Description of the task> Transcribe the listing exactly, skipping every picture.

##### Record set

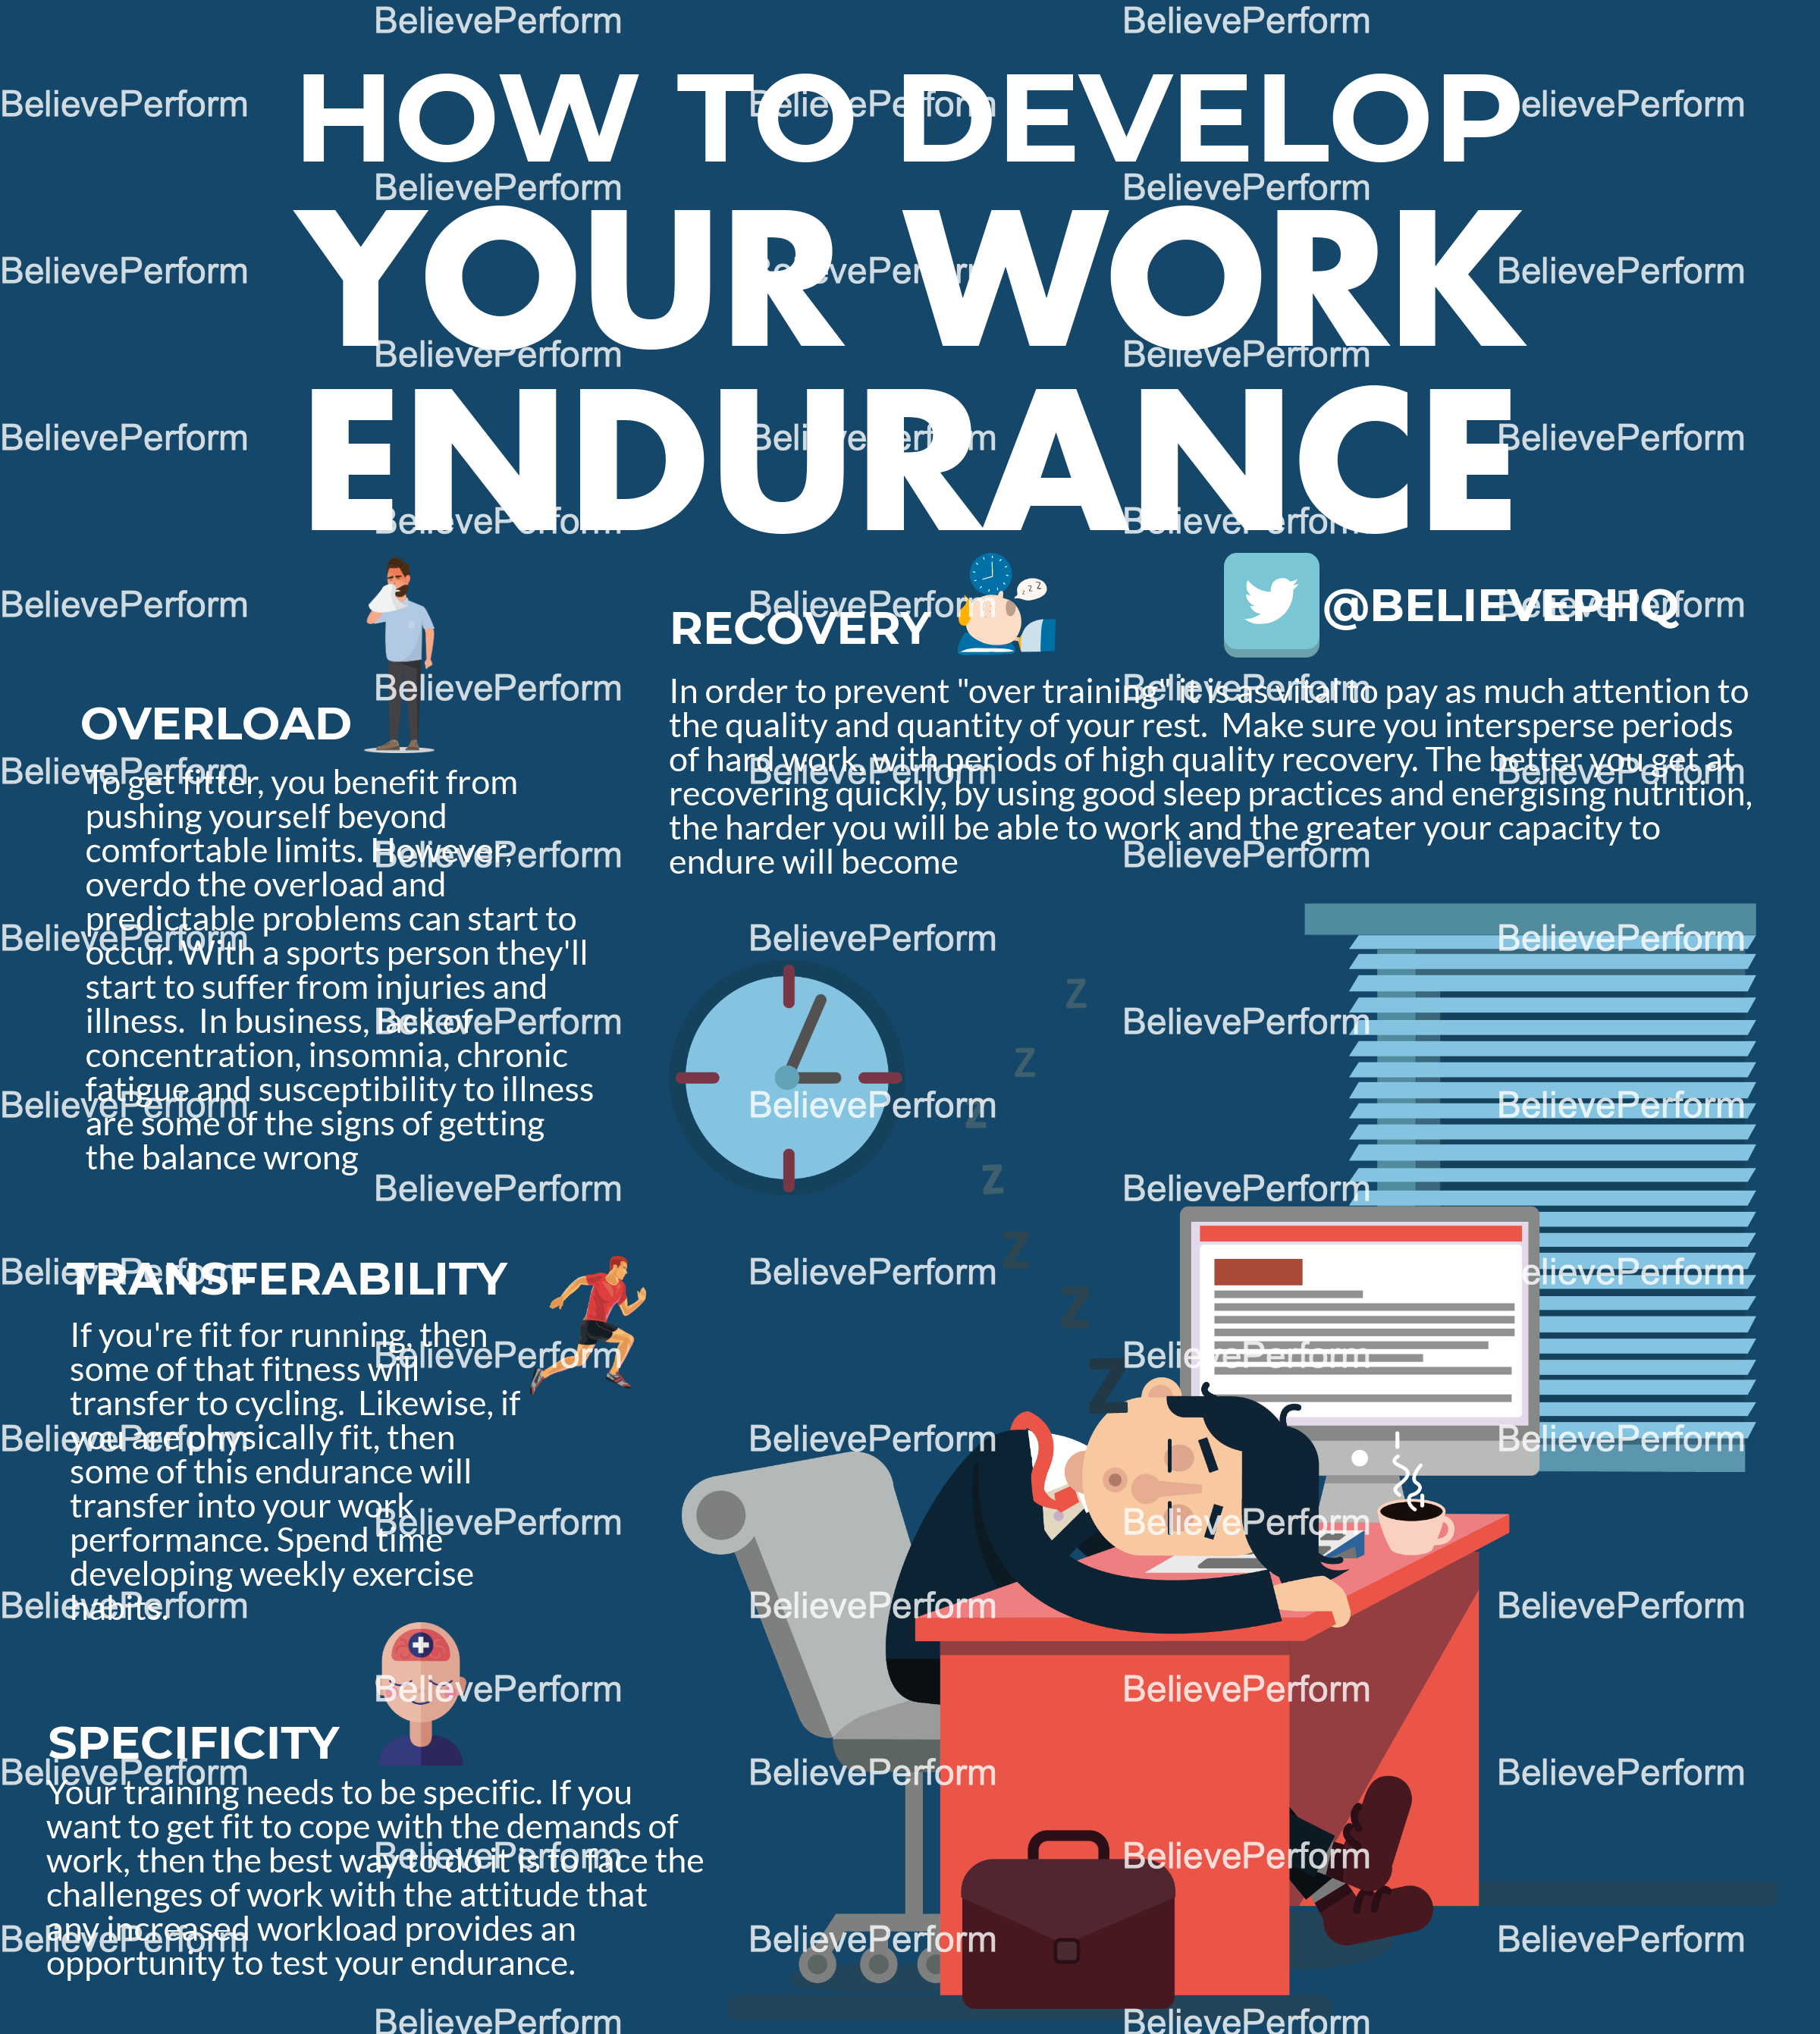 to develop your work endurance - BelievePerform - The leading Website
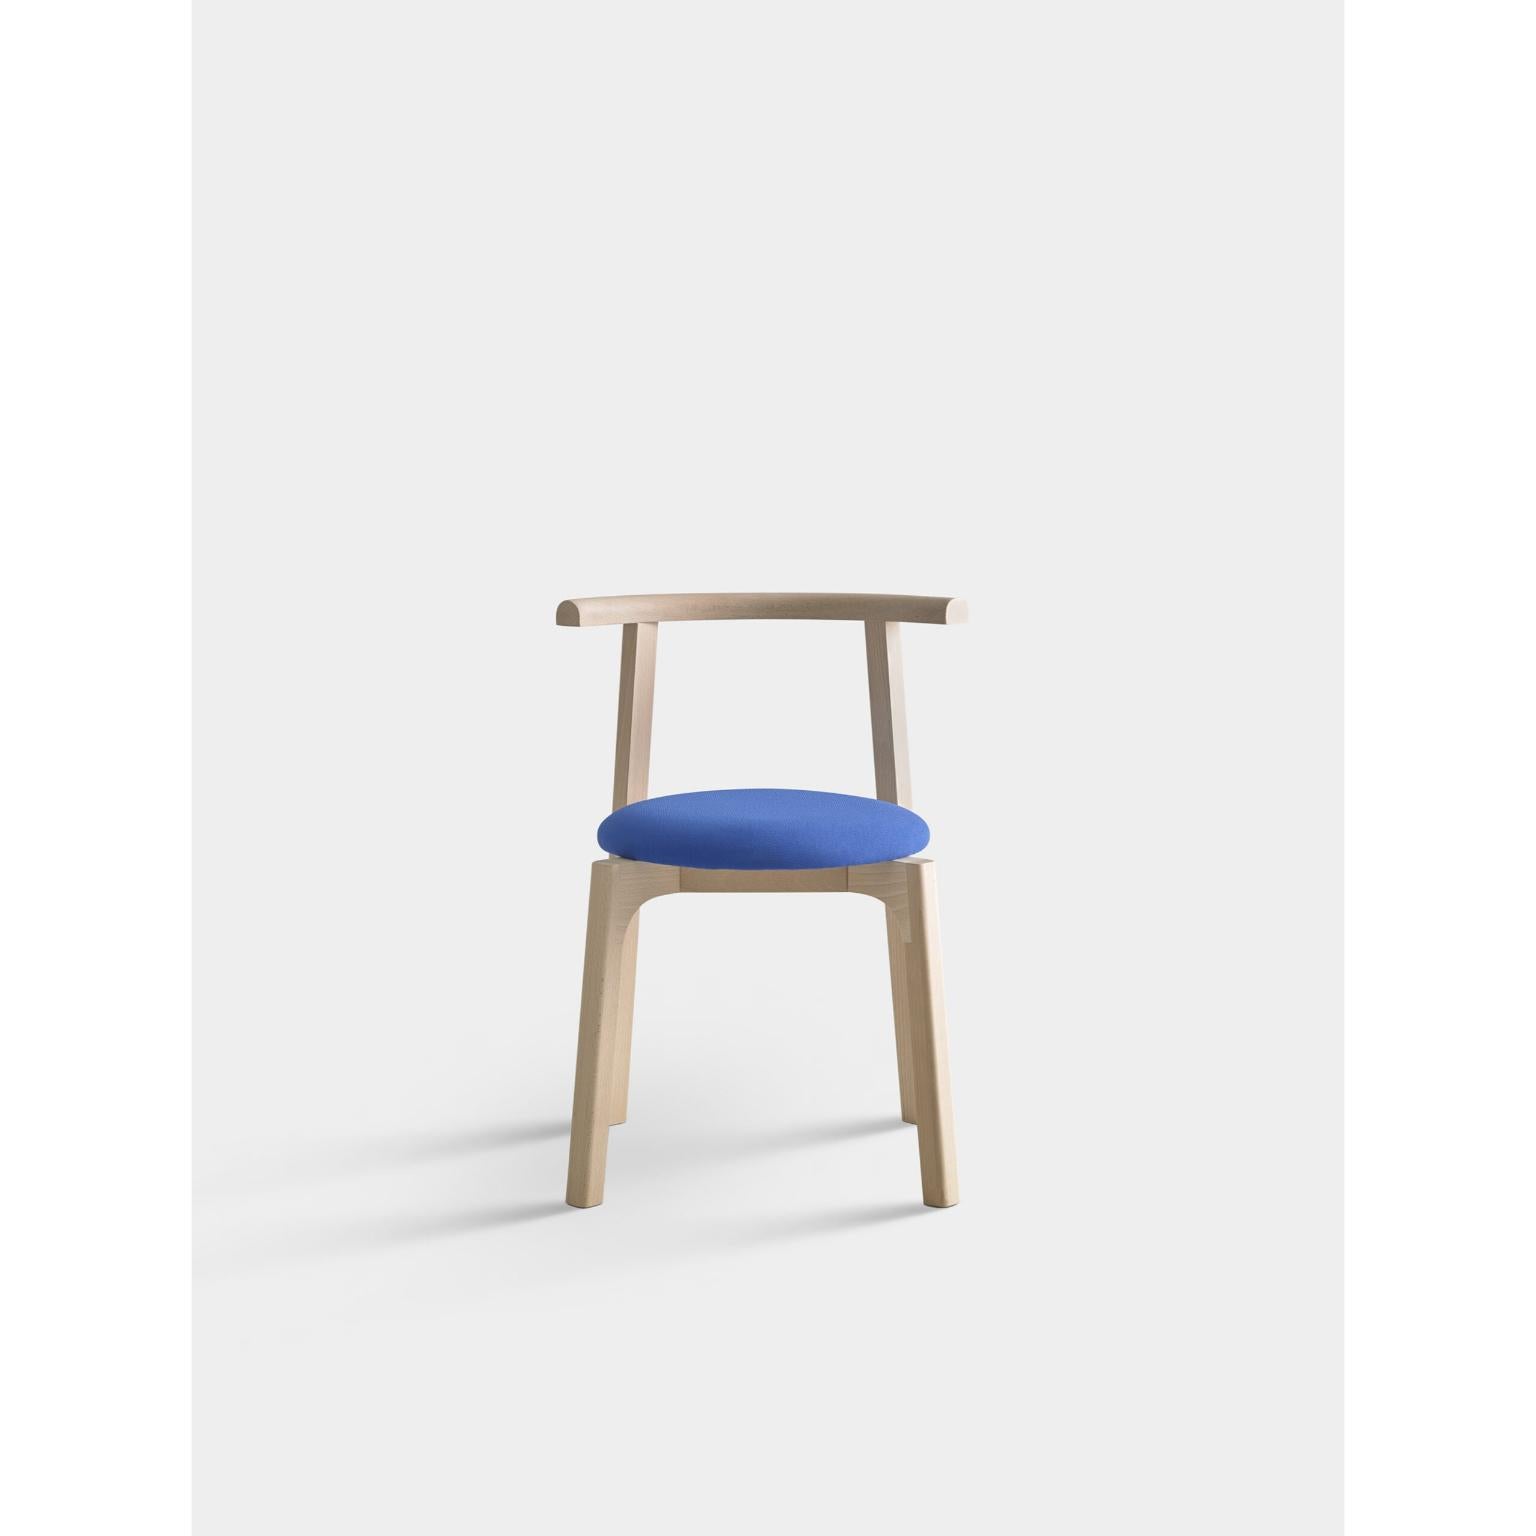 Carlo beech wood chair by Pepe Albargues
Dimensions: W 55 x D 51 x H 73 cm 
Materials: Beech wood structure, foam CMHR

Variations of materials are avaliable
Carlo is a chair in which the straight and curved lines show a perfect harmony to get

##########

Solution for this task>
 to develop your work endurance - BelievePerform - The leading Website
 Carlo beech wood chair by Pepe Albargues
Dimensions: W 55 x D 51 x H 73 cm 
Materials: Beech wood structure, foam CMHR

Variations of materials are avaliable
Carlo is a chair in which the straight and curved lines show a perfect harmony to get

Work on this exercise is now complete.